Así que un número optó por evitar los procedimientos legales e intentar una entrada ilegal desde Tijuana al anochecer el lunes en un lugar a unos 1,500 pies (450 metros) de distancia del Océano Pacífico.

En menos de una hora, los reporteros de Reuters observaron que aproximadamente dos docenas de personas subían la cerca de aproximadamente 10 pies (3 metros) hecha de hojas gruesas y pilares de metal. Eligieron un lugar en una zanja muy grande donde la cerca es ligeramente más baja.

Justo antes del anochecer, tres personas delgadas atravesaron la cerca de la playa y fueron recogidos rápidamente por la Patrulla Fronteriza de Estados Unidos, dijeron testigos.

Pero a lo largo de la frontera interior a medida que la oscuridad descendía, seguían cada vez más migrantes, muchos de ellos traían niños.

Algunos usaron una manta como cuerda para ayudar a los seres queridos a superarse.

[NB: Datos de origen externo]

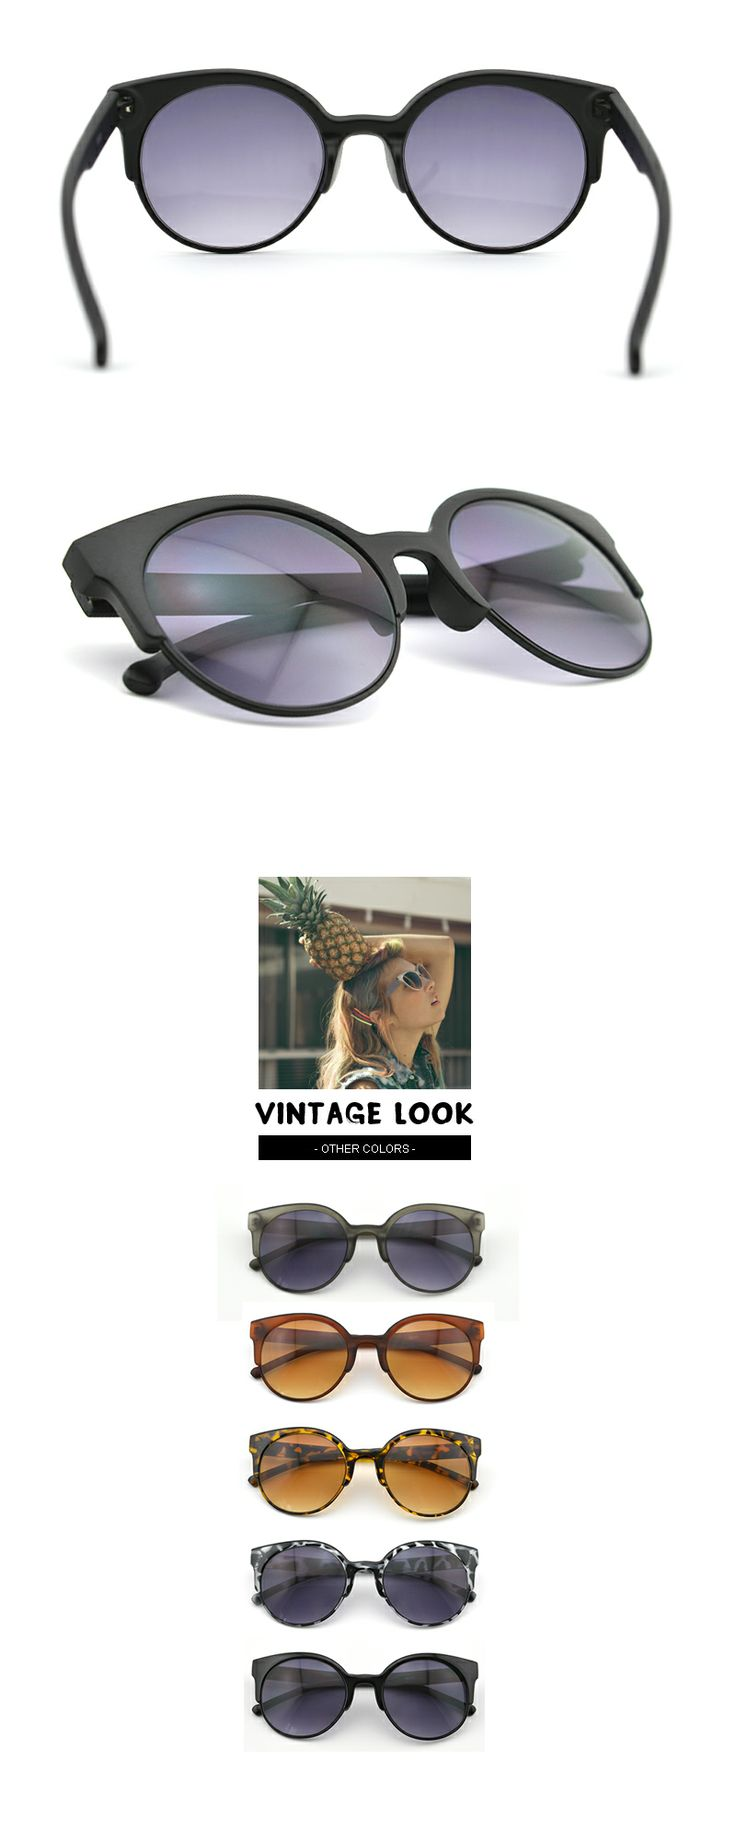 #Black Half band Sunglasses-Gradient lens-Retro Style Glasses-Slim Face #Half-band #Gradient lens #Vintage Look Visit - FUNMEMO.COM  to see More

Una madre y sus hijos llegaron a la primera cerca y desaparecieron en la noche.

Verlos escalar la verja animó a otros, incluso cuando un helicóptero patrullaba por encima del lado estadounidense.

Anteriormente, Karen Mayeni, una hondureña de 29 años de edad, evaluó la cerca mientras se aferraba a sus tres hijos, de seis, 11 y 12 años.

“Solo estamos observando, esperando a ver qué pasa”, dijo Mayeni. “Vamos a averiguar qué hacer en un par de días”.

Noventa minutos después, ella y su familia estaban sobre la cerca.

Varios de los migrantes corrieron para intentar escapar de la captura, pero la mayoría caminó lentamente hacia donde los oficiales de la Patrulla Fronteriza de los EE. UU. Esperaban bajo los reflectores para entregarse.